THE PROBLEM: Write out the whole listing below exactly, skipping each picture.

SUPPLIED MATERIAL:

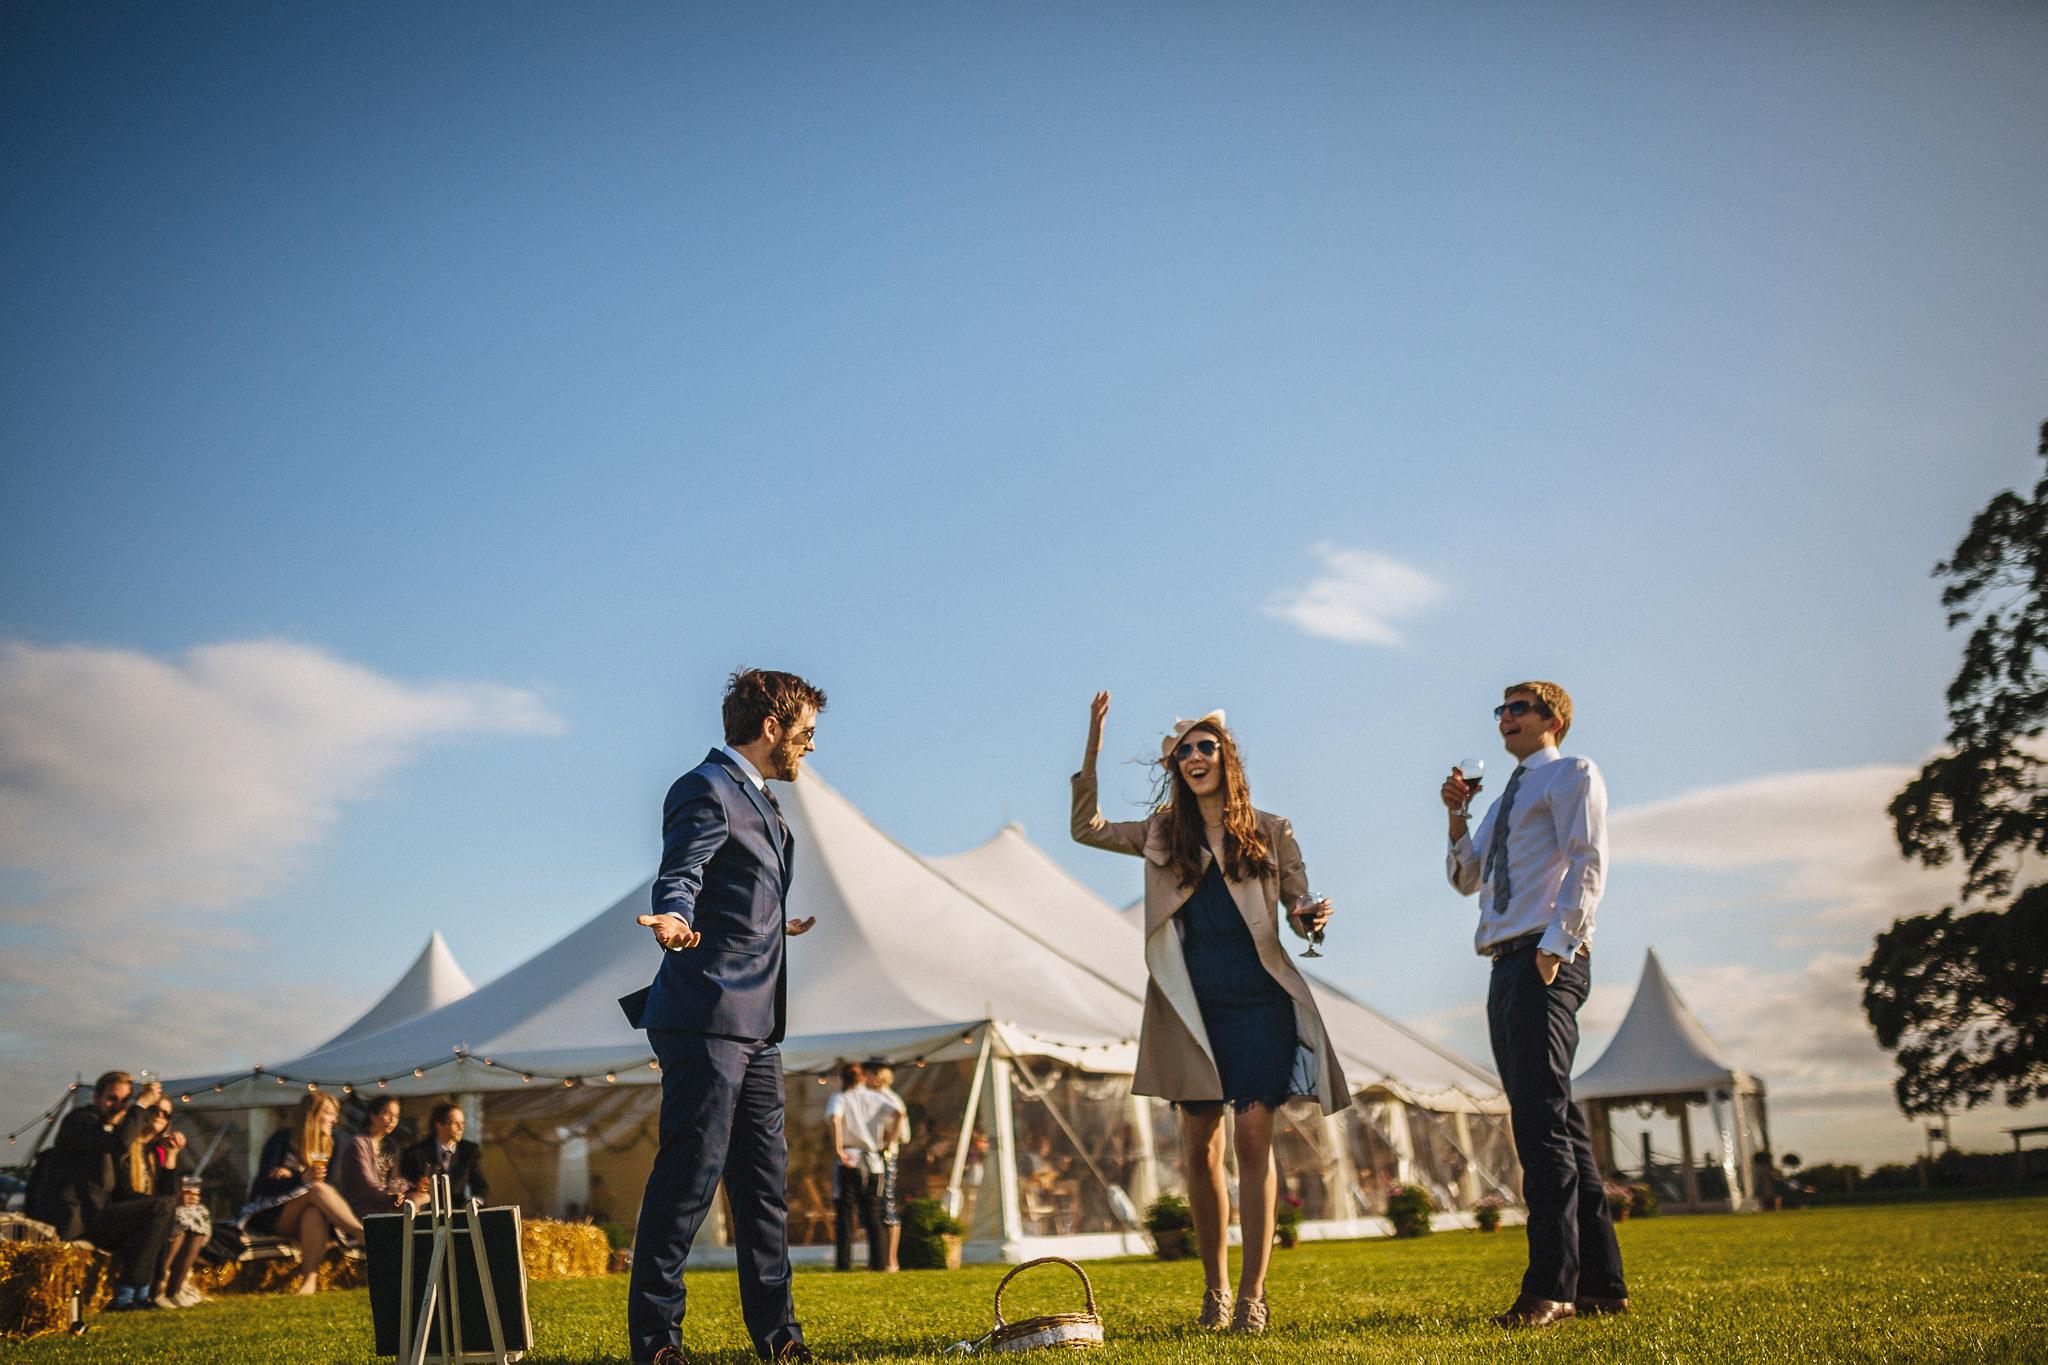 paul-marbrook-Farm-Wedding-Photographer-Lancashire-90075
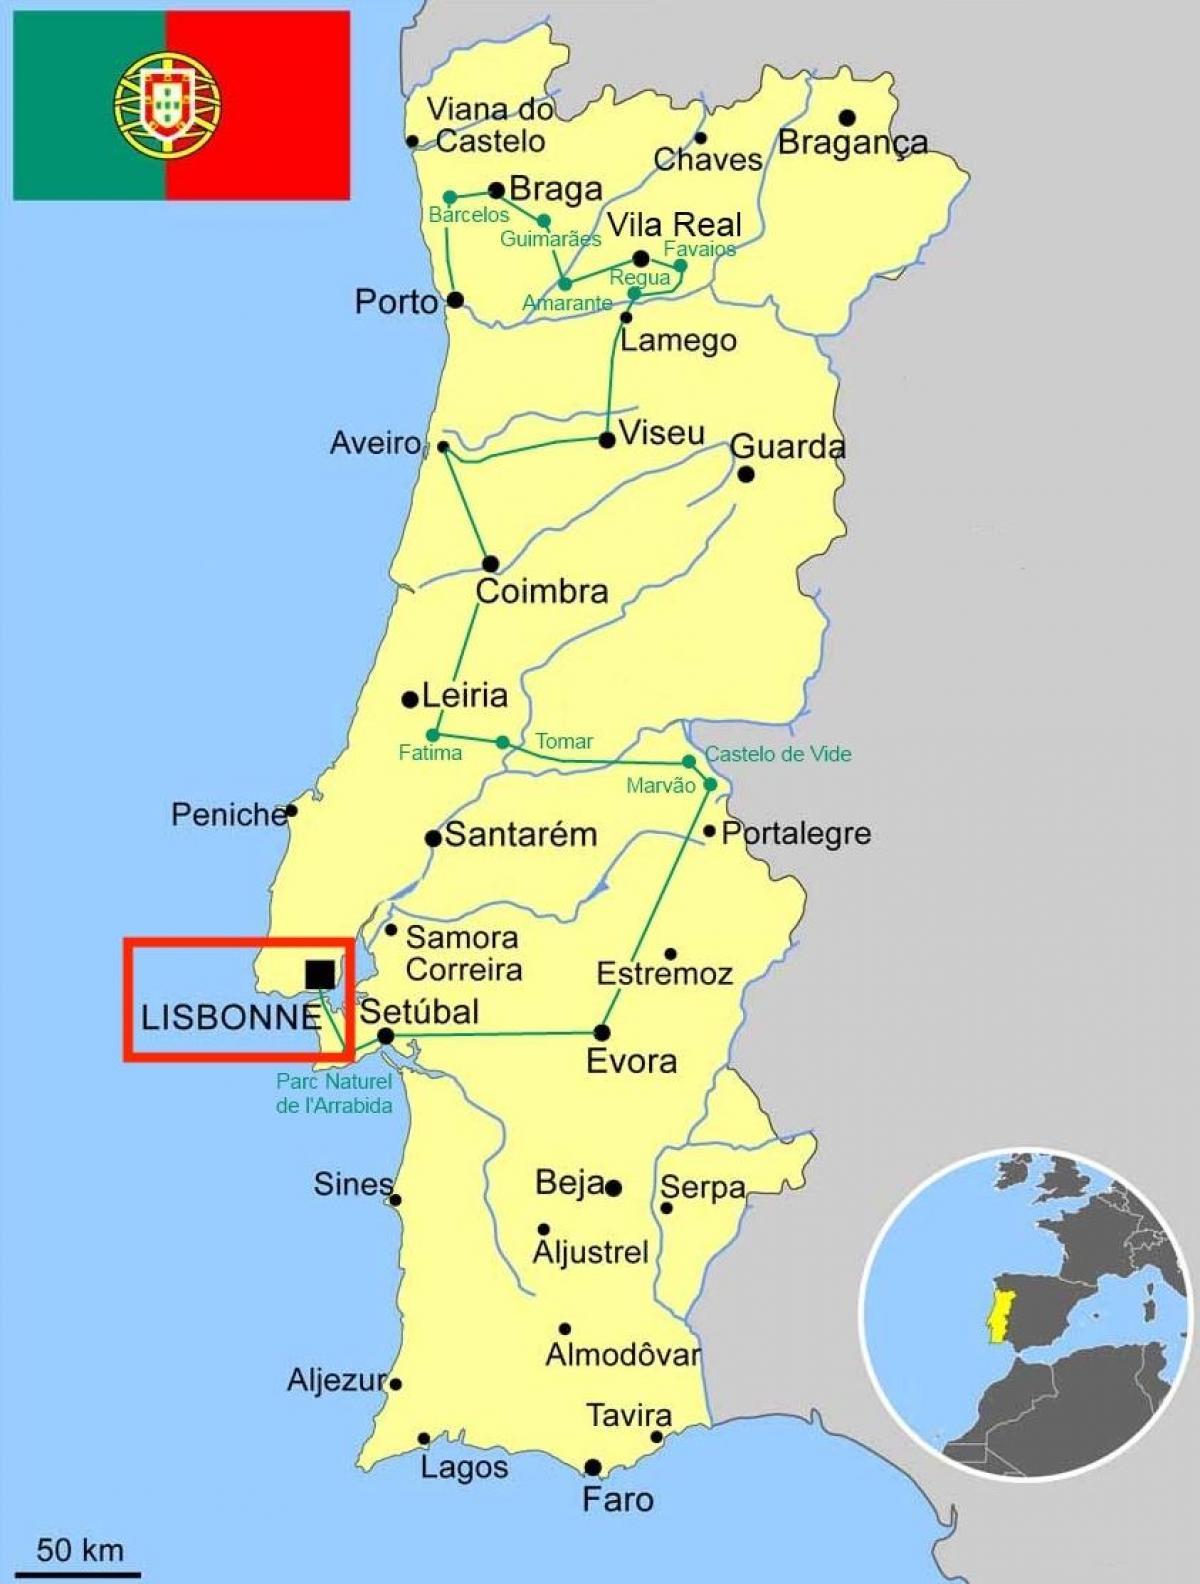 Lisbon portugal map - Lisboa portugal map (Portugal)
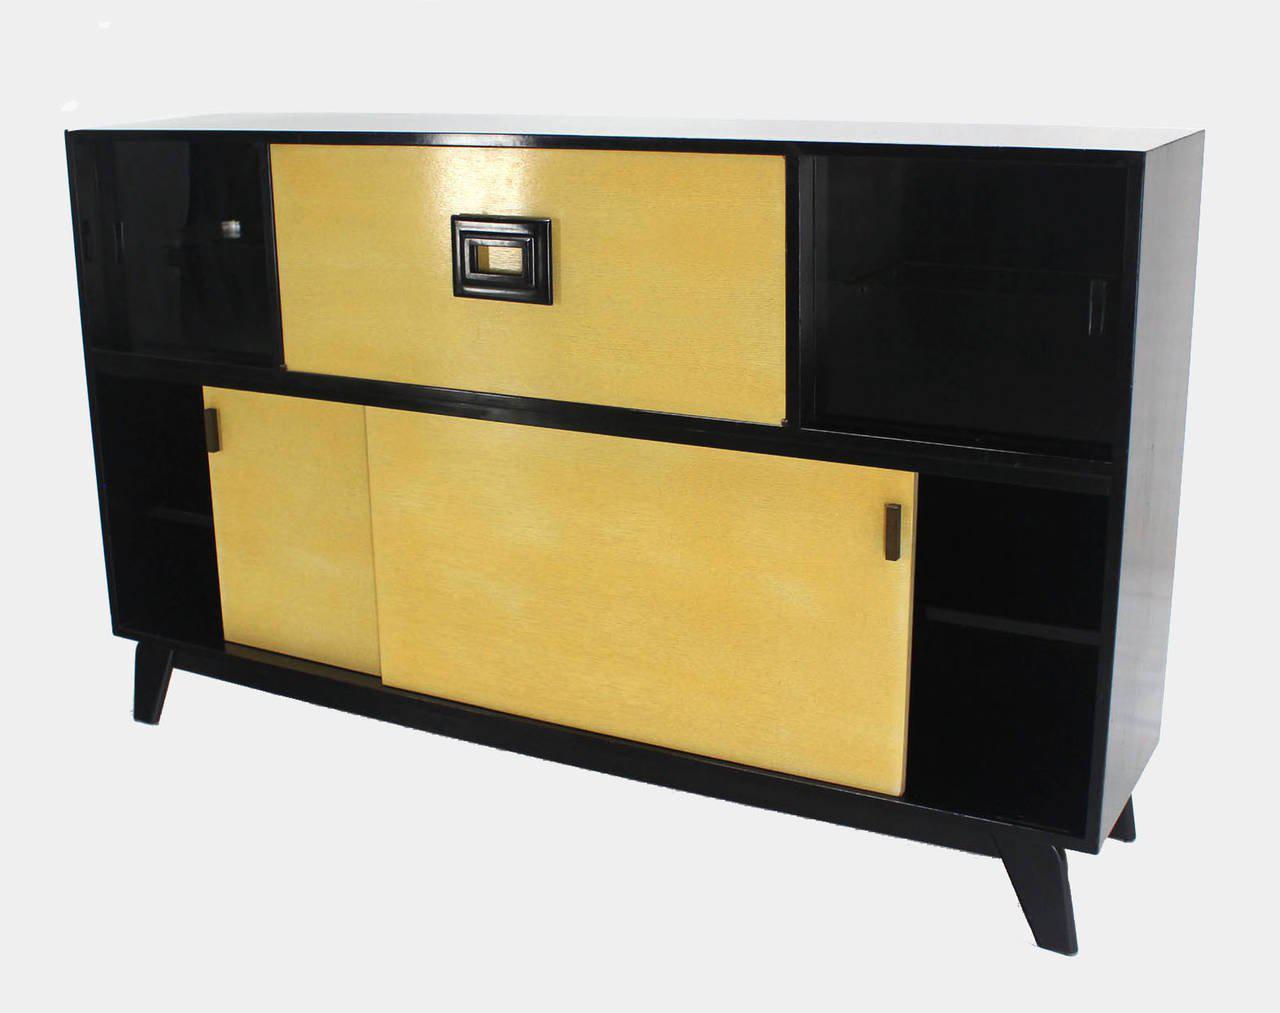 midcentury modern credenza black lacquer gredenza bar liquor cabinet image 5 of 8

RESULT OF THIS EXERCISE:
 paul-marbrook-Farm-Wedding-Photographer-Lancashire-90075
 Lisbon portugal map - Lisboa portugal map (Portugal)
 midcentury modern credenza black lacquer gredenza bar liquor cabinet image 5 of 8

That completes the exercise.